## DATA SHOWN:
= = = = = = =

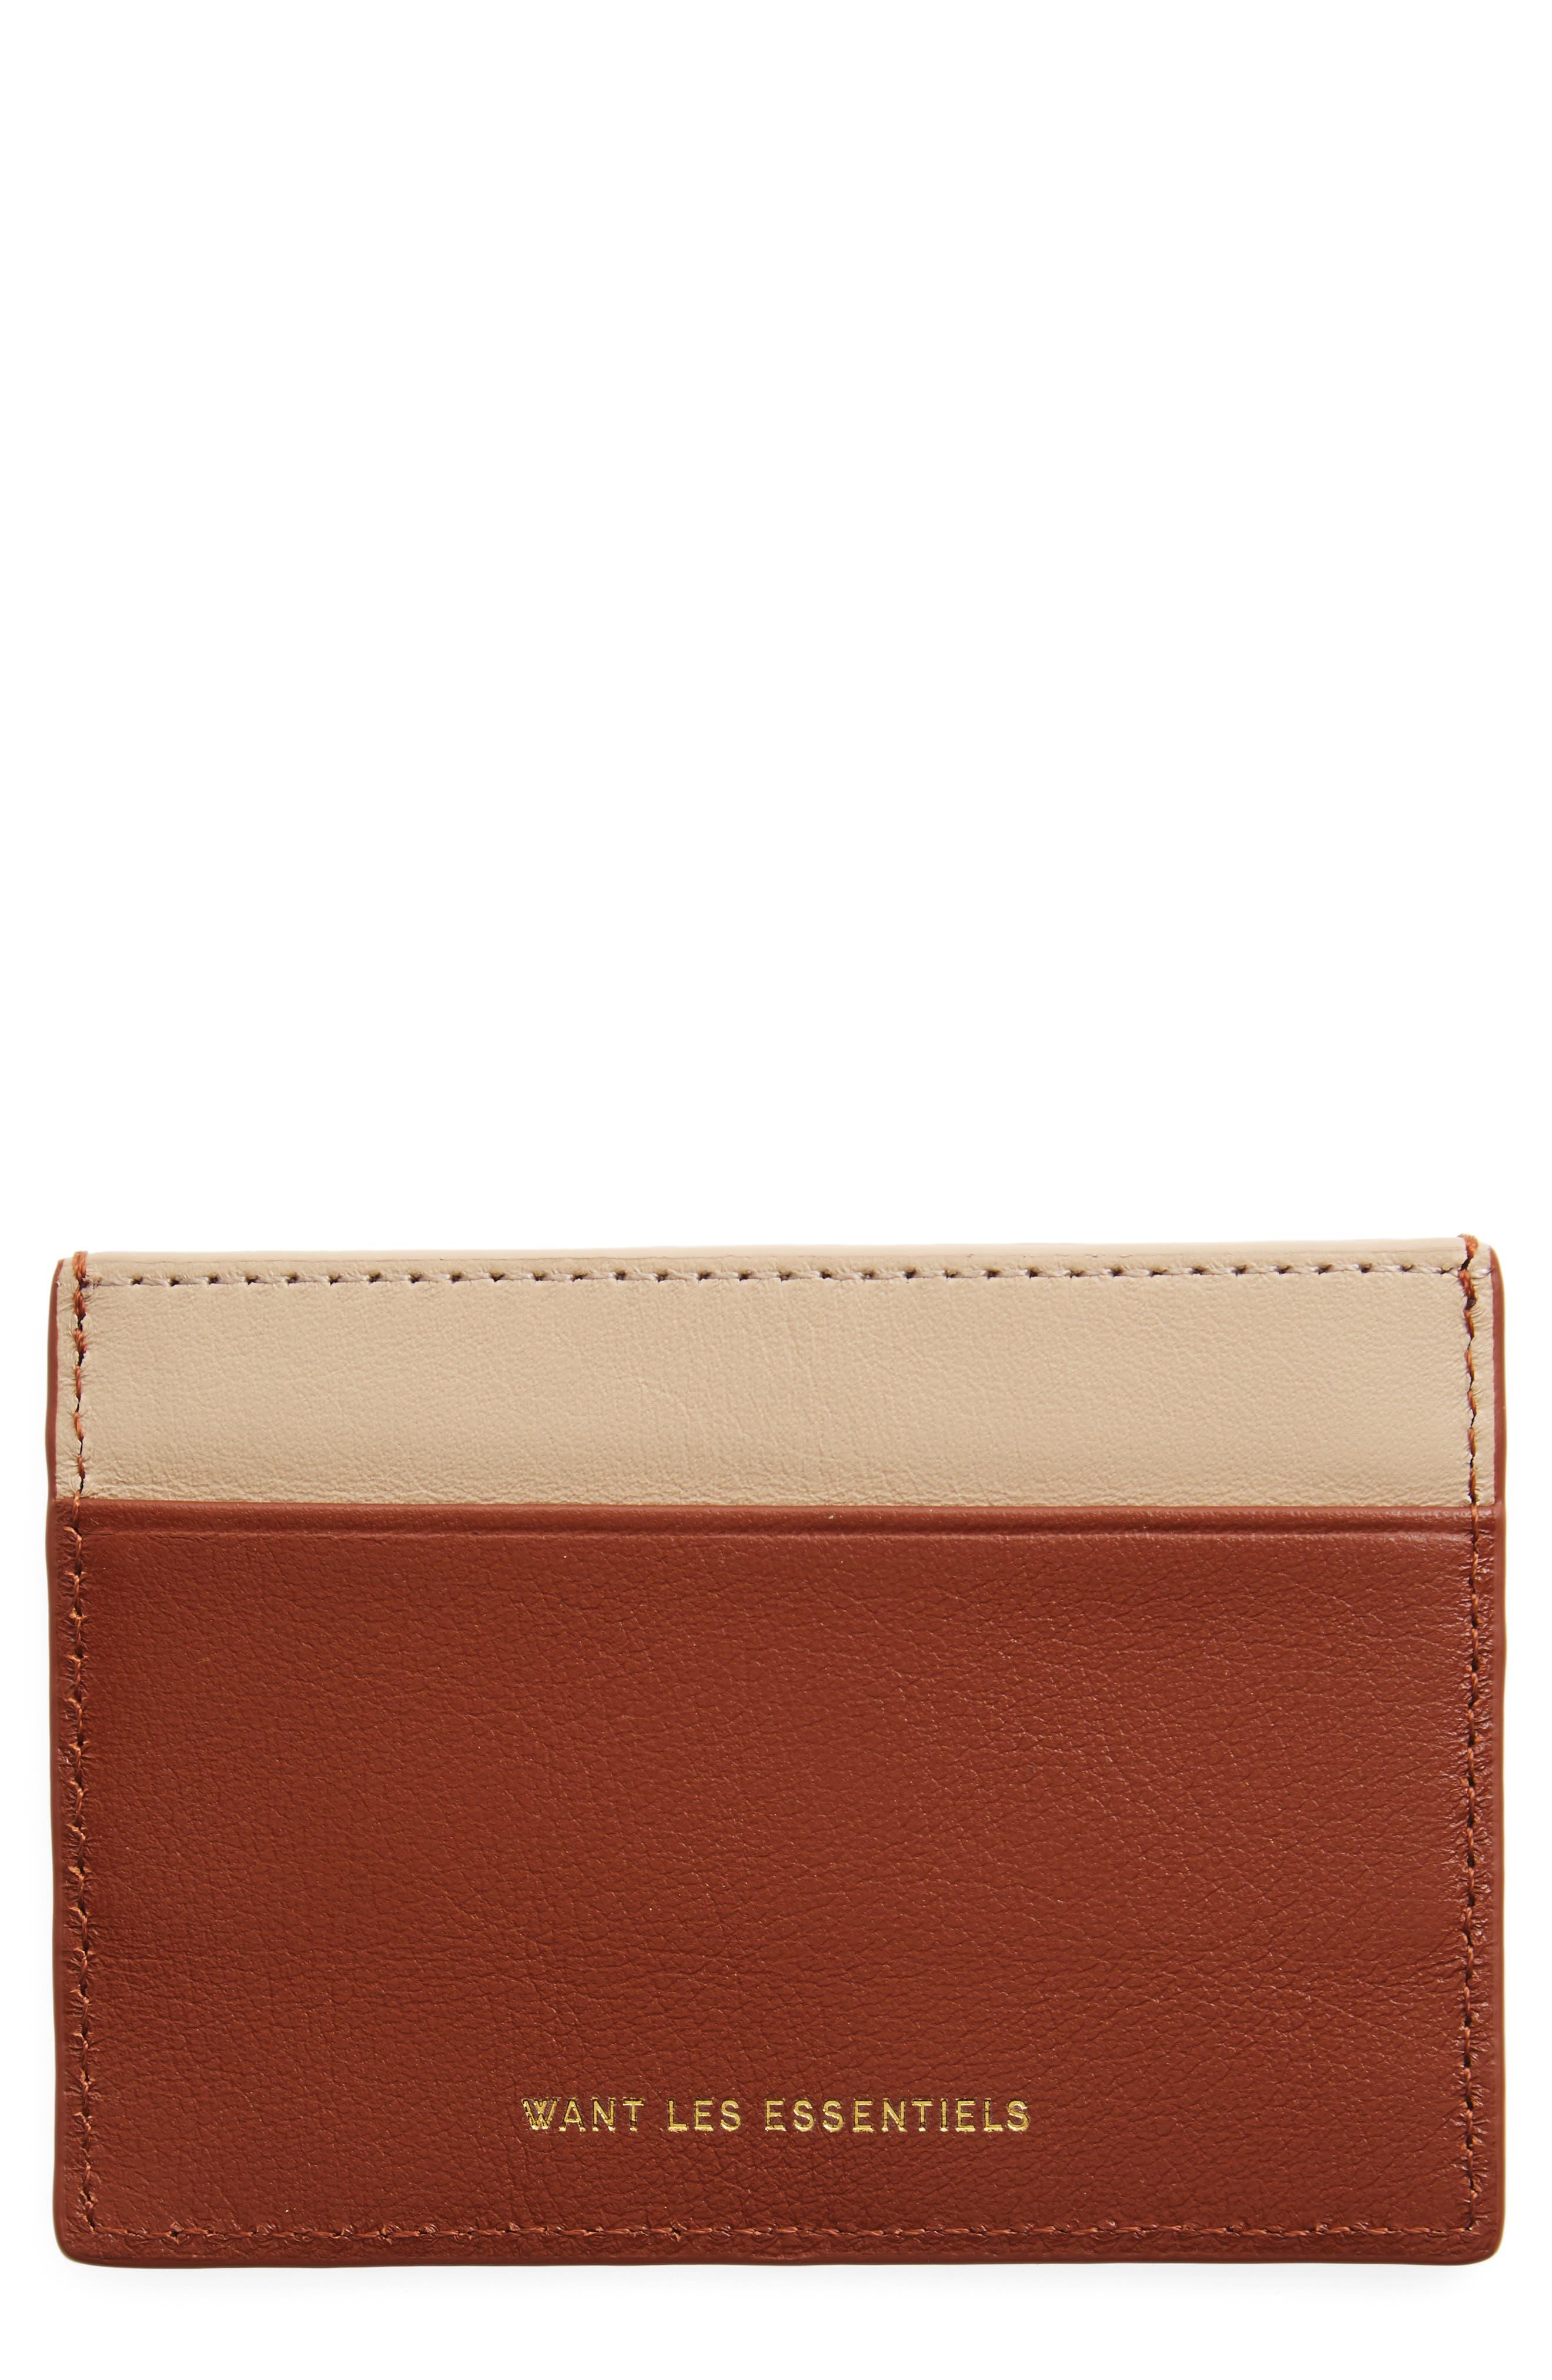 WANT LES ESSENTIELS Branson Leather Card, Main, color, 212
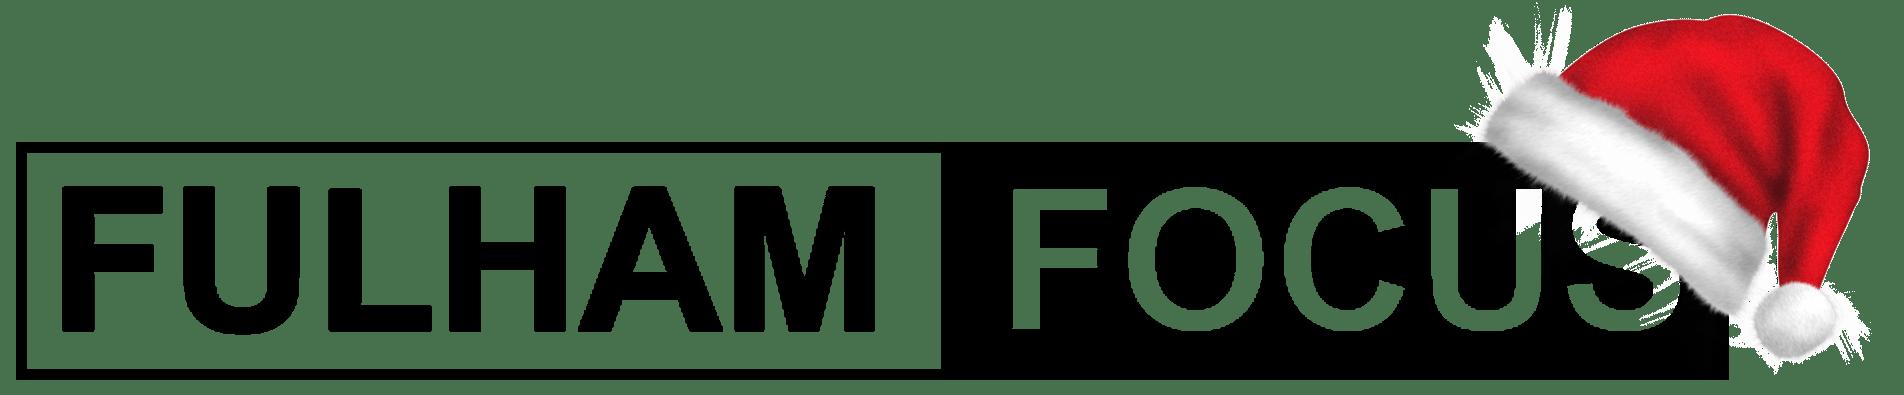 cropped-ff_logo_xmas.png
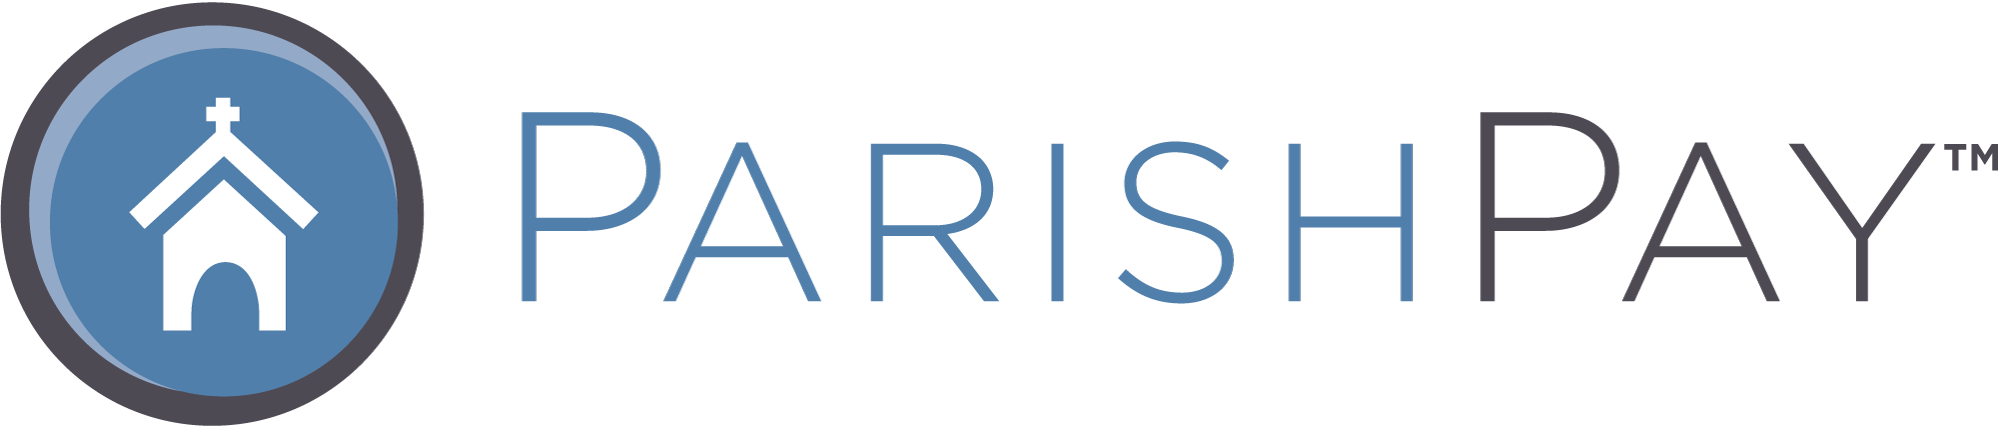 parishpay_logo_horizontal_color

= = = = = = =

## GOAL OF THE EXERCISE:
No pictures should appear in the copy. Reproduce exactly the lines from the line containing "cropped-ff_logo_xmas.png" through the last line of the data, inclusive.

## RESULT BELOW:
 cropped-ff_logo_xmas.png
 parishpay_logo_horizontal_color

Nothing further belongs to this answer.